Sorj Chalandon n'aura jamais le talent de créateur de monde de John Le Carré, qui semble une de ses références fortes.
Mais son roman "Retour à Killybeg's", dont le propos est de nous raconter à la première personne la vie d'un combattant de l'Irish Republican Army devenu un agent anglais et le restant durant des décennies (Chalandon, journaliste à Libé, a couvert de près le conflit), est un roman bien troussé, manquant sans doute d'ambition et d'ampleur, mais riche d'un style agréable et efficace.
Le Monsieur sait écrire, et a de la psychologie. C'est l'essentiel, mais pas assez pour écrire un grand roman. Juste un bon roman, qui touche juste, bien que cédant fréquemment à un certain pathos et aux clichés, Sorj Chalandon n'a pas évité ce terrible regard du lecteur par dessus son épaule, qui est le traître de tout écrivain.
Si on entre en Irlande, si on comprend ce qu'ont subi les irlandais, on ne fait qu'effleurer les sources de ce conflit colonial nordiste, qui semble résumé par un affrontement entre religions, mais recouvre comme une grille de lecture trop aisée d'autres réalités, que le mépris social envers les irlandais laisse percer à jour. C'est dommage, car la figure du traître aurait pu permettre d'interroger plus encore ce lien entre l'oppresseur et l'opprimé. De même, si on s'offre une plongée dans le mouvement clandestin, elle reste bien superficielle. On comprend certes que les anglais n'auraient jamais gagné contre le petit poucet, car c'est une population, des générations, qui s'oppposaient à eux, et non une organisation isolée. La solution ne pouvait pas être militaire.

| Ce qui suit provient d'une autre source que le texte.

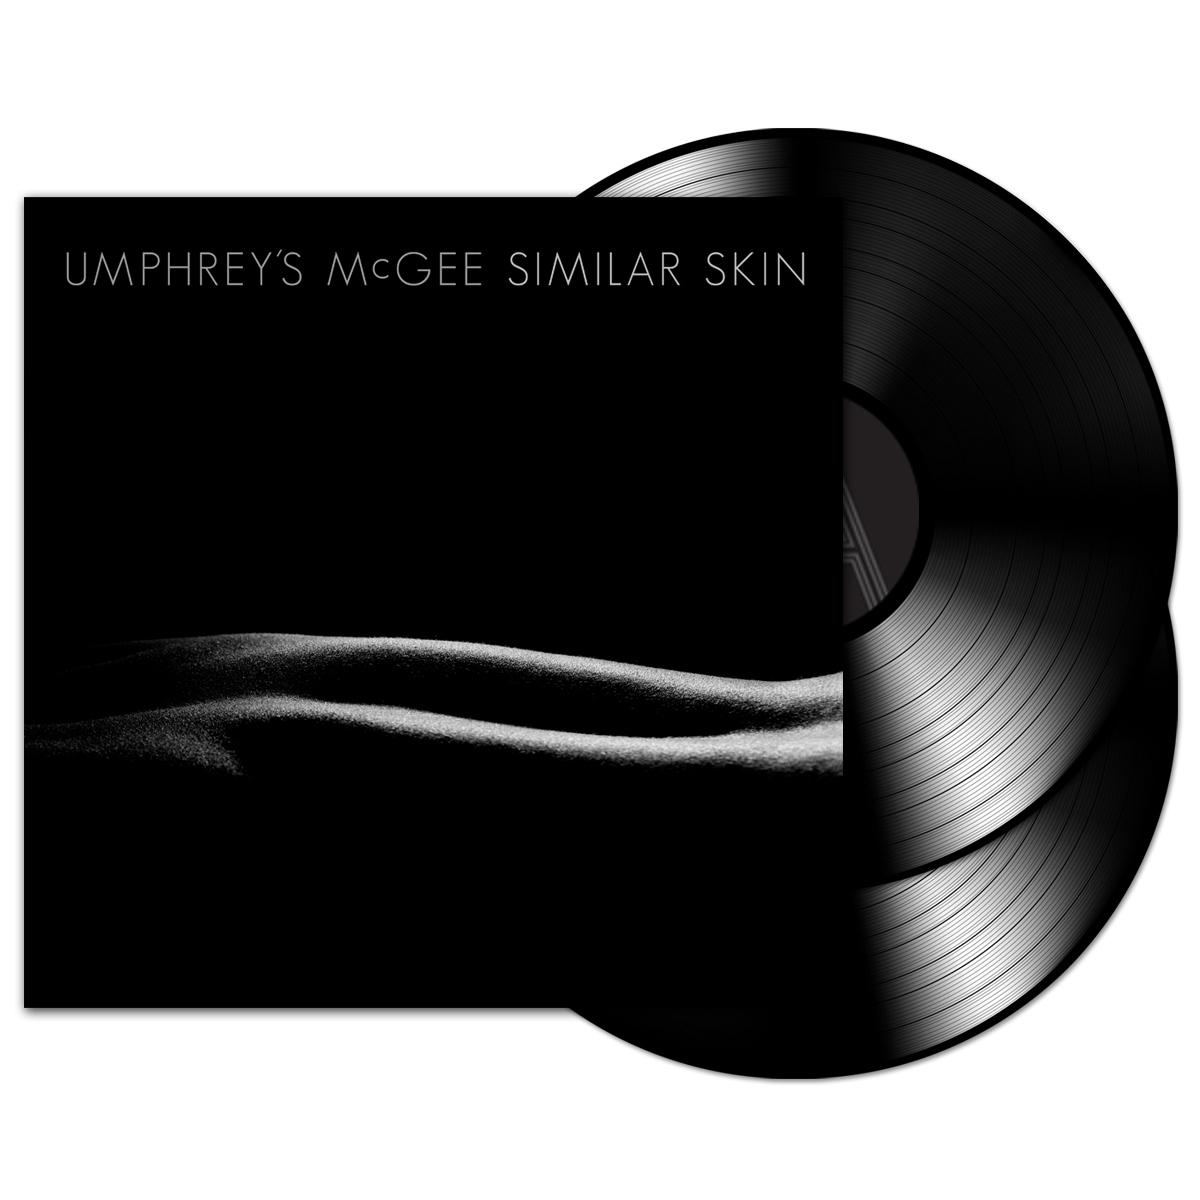 Similar Skin Double LP

Tyrone a été donné. Il vient de révéler aux médias, alors que le processus de paix change la donne politique, son parcours de trahison. Alors il rentre dans sa petite bourgade irlandaise rurale d'enfance, loin de Belfast, où il attend les ombres chargées de la vengeance. Pendant cette attente, il nous raconte sa vie irlandaise, cet engagement naturel, spontané, génétique, dans l'IRA. Il nous décrit surtout la violence qui a empoisonné cette société en guerre et s'y est installée partout, et la brutalité stupéfiante des anglais envers les indépendantistes irlandais. Cette brutalité a pris en prison les formes parmi les plus odieuses des exploits barbares du XXeme siècle, et on sait qu'on ne manque pas de concurrents.
Trahir, ce n'est pas facile. Et ce n'est pas un choix cynique et froid. C'est souvent un processus, comme on le voit dans le roman, plutôt que le résultat d'une délibération éthique. Toute trahison a ses ambiguités. Il est évidemment facile de montrer du doigt le traître, quand la question de la trahison n'a pas été posée sérieusement.
Nous sommes ici dans le rôle essentiel, la "plus value", de la littérature. Nous permettre de saisir la nuance, la complexité, de s'y promener, d'offrir le point de vue que l'Histoire ne peut pas approcher avec ses grands coups de pinceau et ses agrégats. La littérature a aussi pour fonction d'explorer la perspective de celui qui n'a pas d'avocat. Dont le point de vue intime sur l'Histoire est tu.
Le traître a pu penser qu'il sauvait, permettait à l''avenir de s'éclairer, et que sa trahison était plus formelle que réelle. C'est un concours dramatique de circonstances qui conduit Tyrone, assez jeune, à commencer à céder au chantâge et à trahir. Ensuite cet enchainement qu'il ne contrôle pas est devenu une camisole. Il ne peut plus revenir en arrière ou du moins le croit il. Des années plus tard il est le produit d'un fait de jeunesse involontaire qu'il n'a pas su gérer.
Finalement, c'est plus la honte, sentiment non malveillant et social par excellence, qui fabrique le traitre, que l'appât du gain ou la petitesse. On sort plein d'indulgence pour ce traitre et en même temps conscient de la nécessité d'une justice. C'est donc un roman de réconciliation tragique qu'écrit Sorj Chalandon.
Les sociétés doivent à un moment sortir de leurs guerres. Le traitre est celui qui peut servir de bouc émissaire commun aux deux camps. En cela, celui qui n'aura su autrefois se sacrifier sera l'objet du sacrifice final, nécessaire à la paix. Tragique et ironique destin.